Sorry for being such a noob, I am brand new to python!

Chris Church
  • 197
  • 1
  • 10
  • 1
    Could you update your script to include example data inputs to `find_nearest`, just so it's clear? – JoshAdel May 20 '15 at 20:11
  • For example x = np.array([1.1,2.3,5.9,8.5]), y = np.array([0.2, 5.5, 12]) and idx = np.zeros(np.shape(y)) should return idx = [0,2,3] (the indices of the closest items in x to the items in y. In MATLAB I use knnsearch to perform this and on my large dataset it takes approximately 2.5s to solve; whereas my implementation takes around 30s. The input arrays need not be in any particular sorted order. Thank you for taking a look! – Chris Church May 21 '15 at 06:44
  • I attempted to use the sci-kitlearn's k-nearest-neighbors implementation, it however returns a function trained on a dataset; and training on my full dataset just isn't feasible. My search domain contains 1023848 items and I am trying to find 12325 closest items in it. – Chris Church May 21 '15 at 06:54

2 Answers2

4

Nothing wrong with your Numba code, except that the algorithm is not as efficient as can be.

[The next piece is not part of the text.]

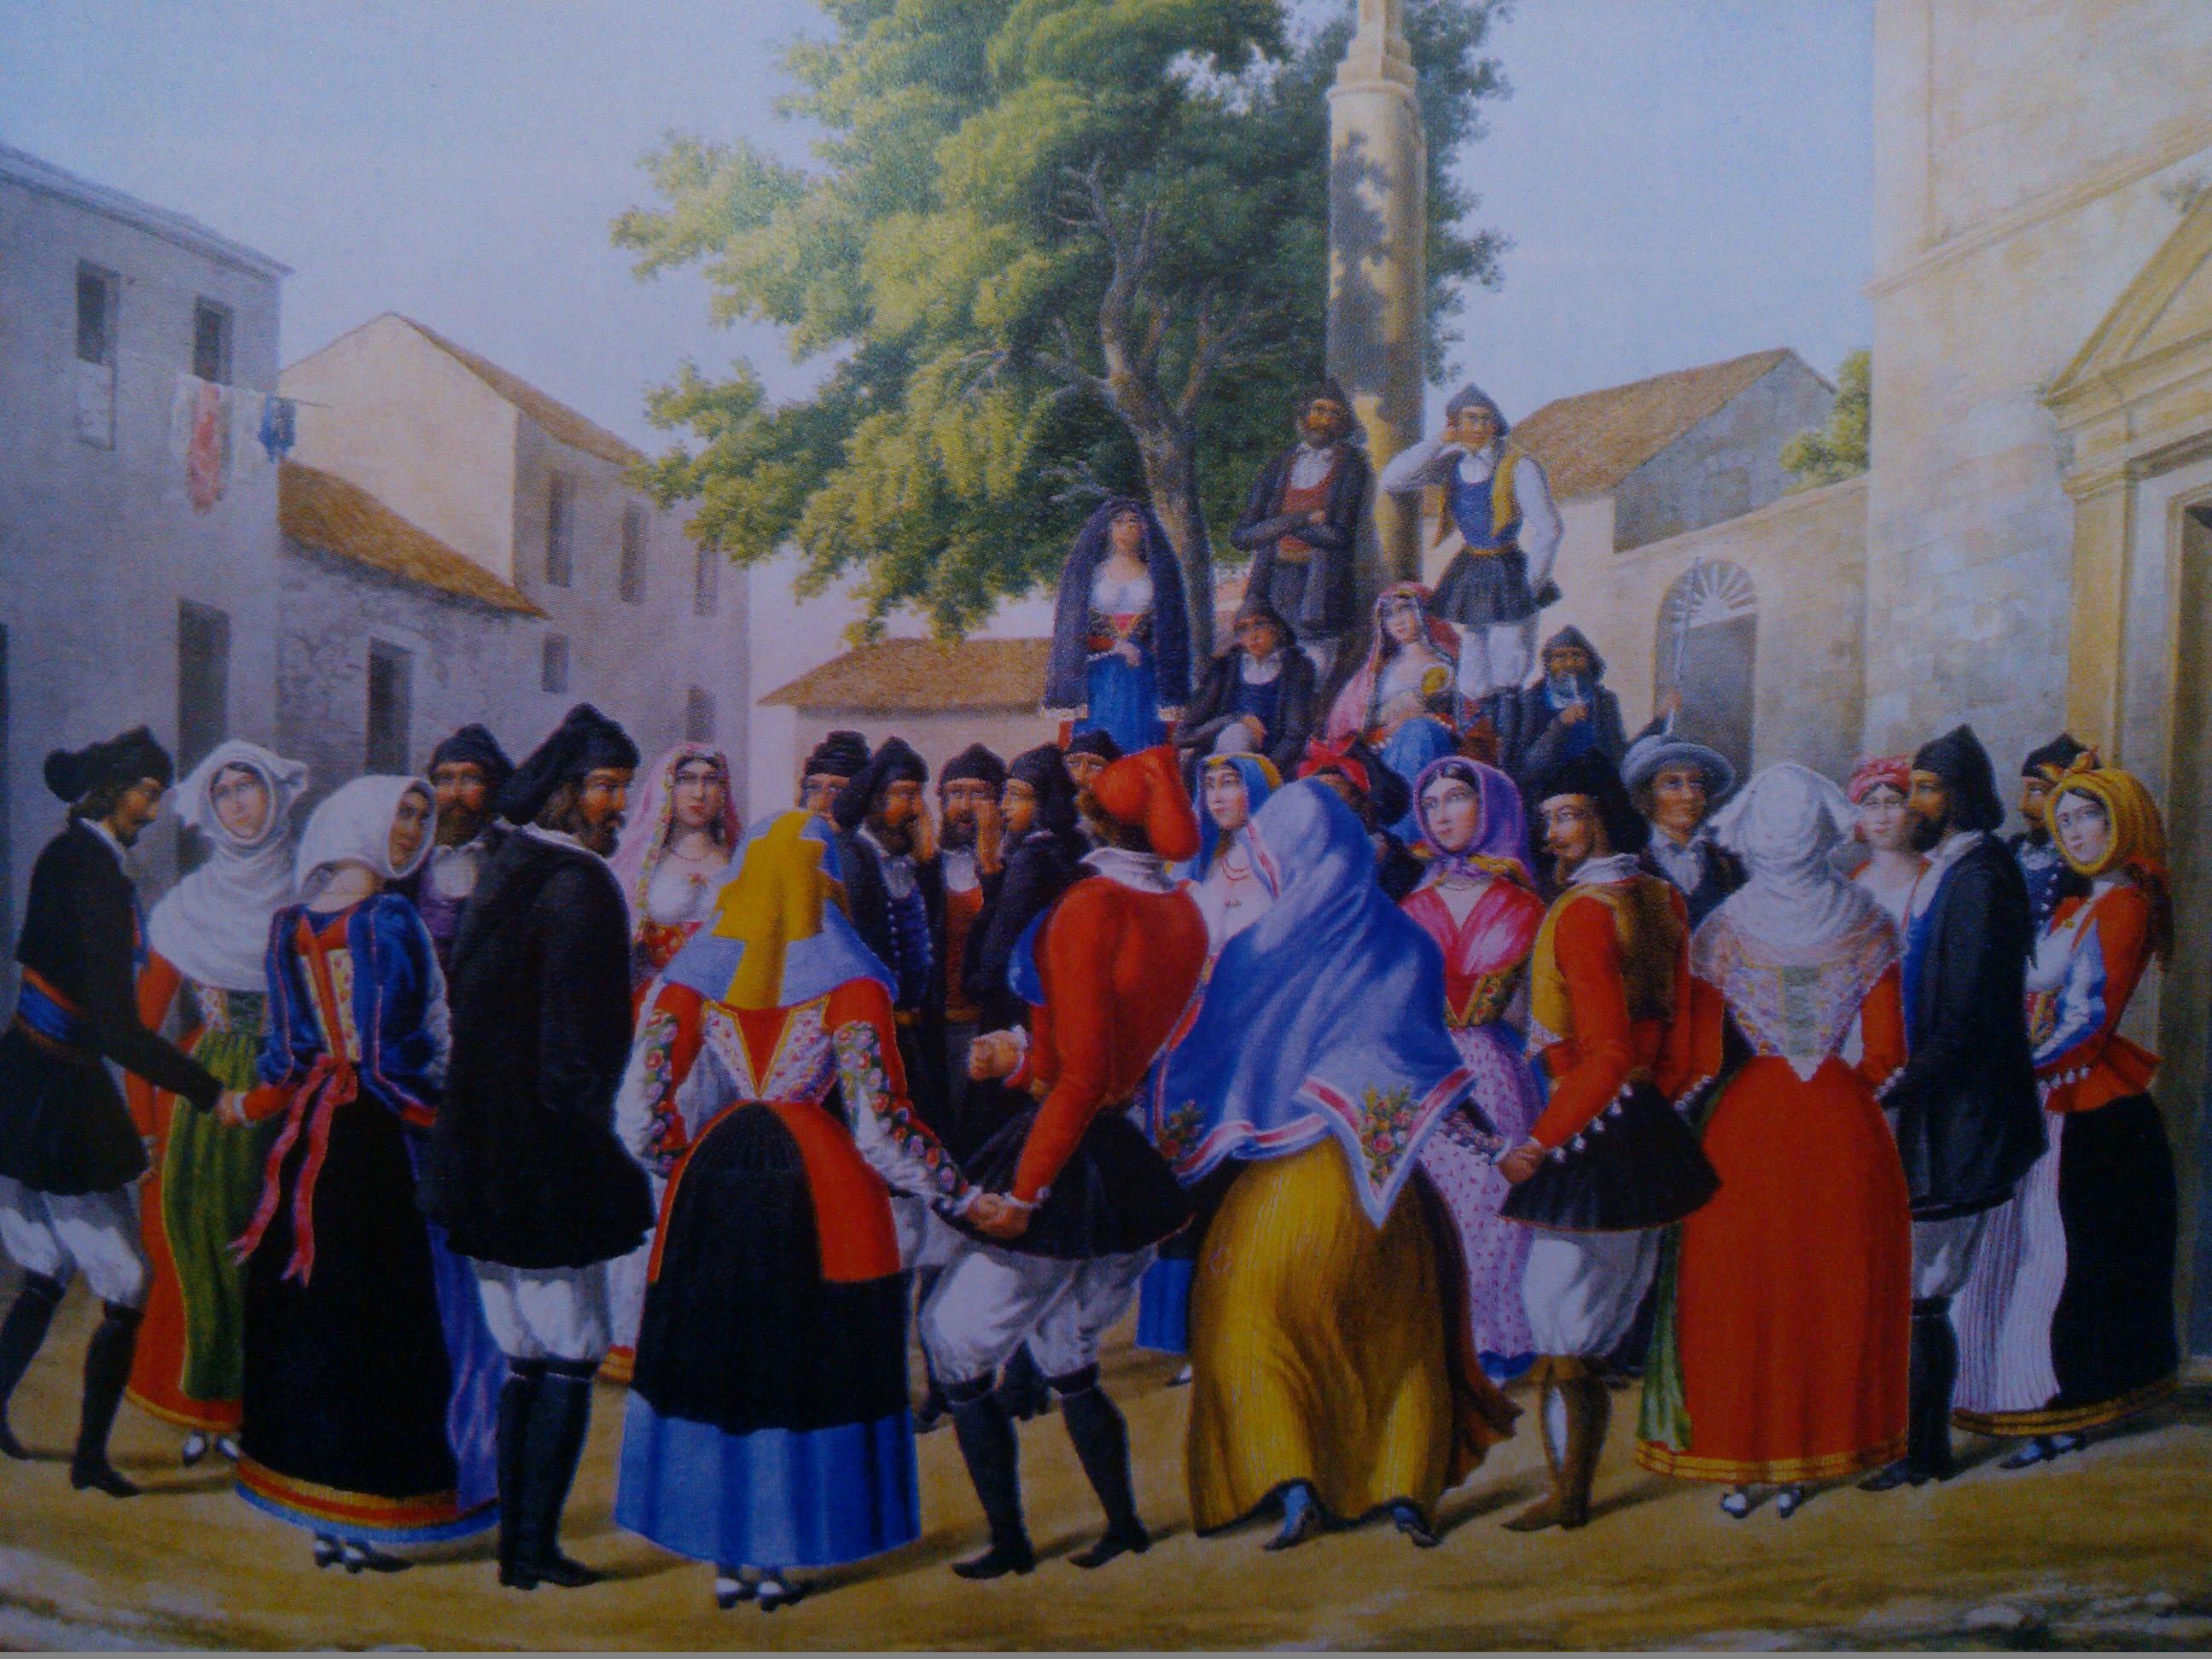 """""""Su ballu tondu a cantigu in su patiu de Cheja"""", watercolour by S.Manca di Mores, 1861"""
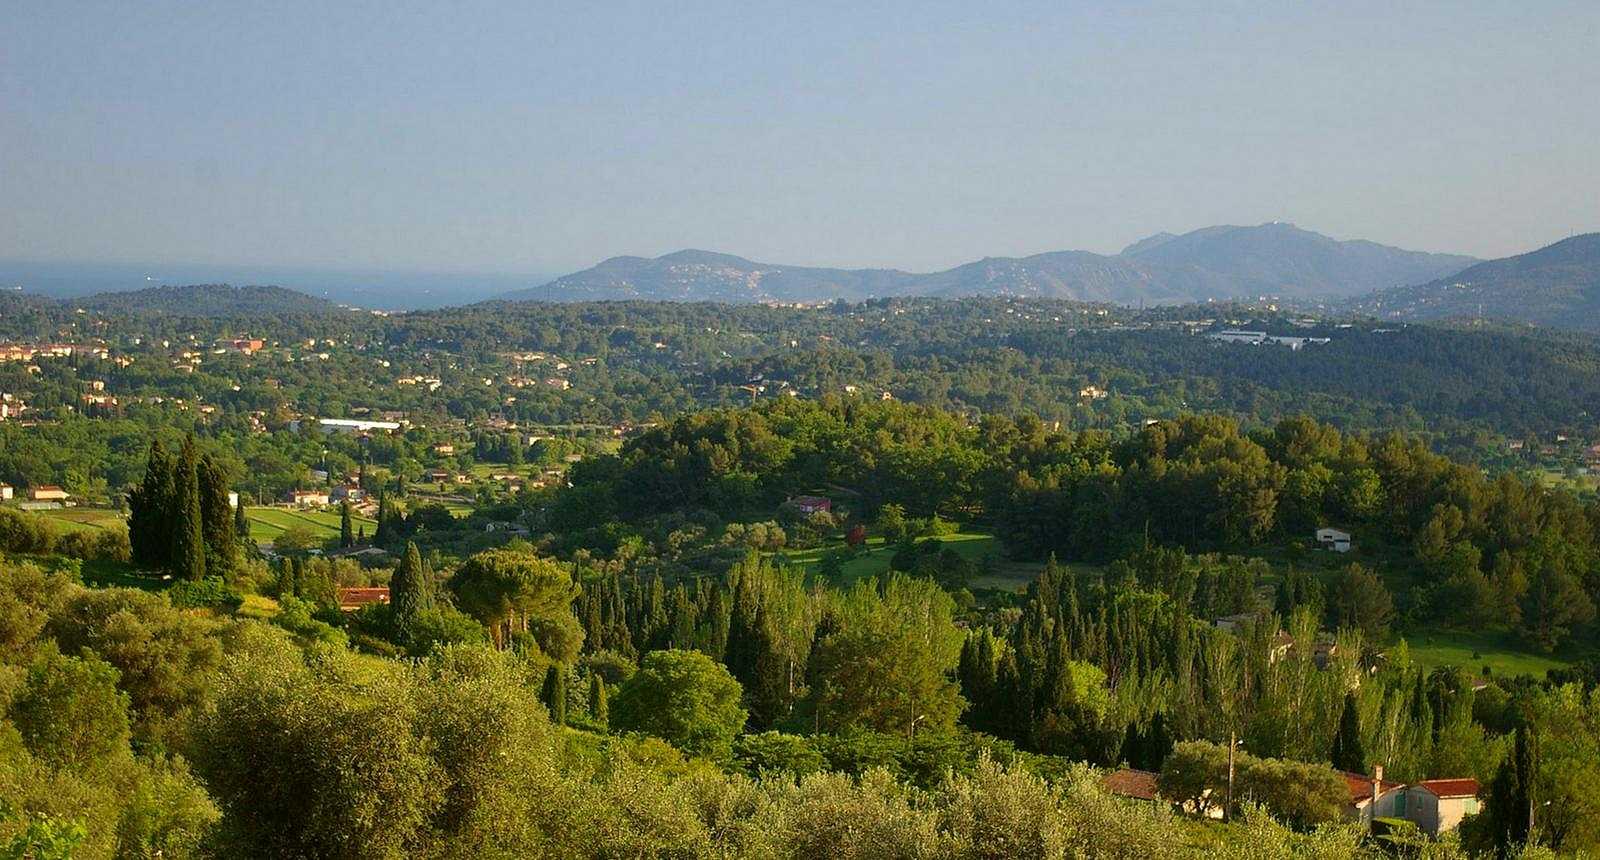 Panorama sur les alentours de Grasse

Much better is to sort the x array and do a binary search, very similar to this answer and also this answer:

def find_nearest(x, y):
    indices = np.argsort(x)

    loc = np.searchsorted(x[indices], y)
    right = indices.take(loc, mode='clip')
    left = indices.take(loc-1, mode='clip')

    return np.where(abs(y-x[left]) < abs(y-x[right]), left, right)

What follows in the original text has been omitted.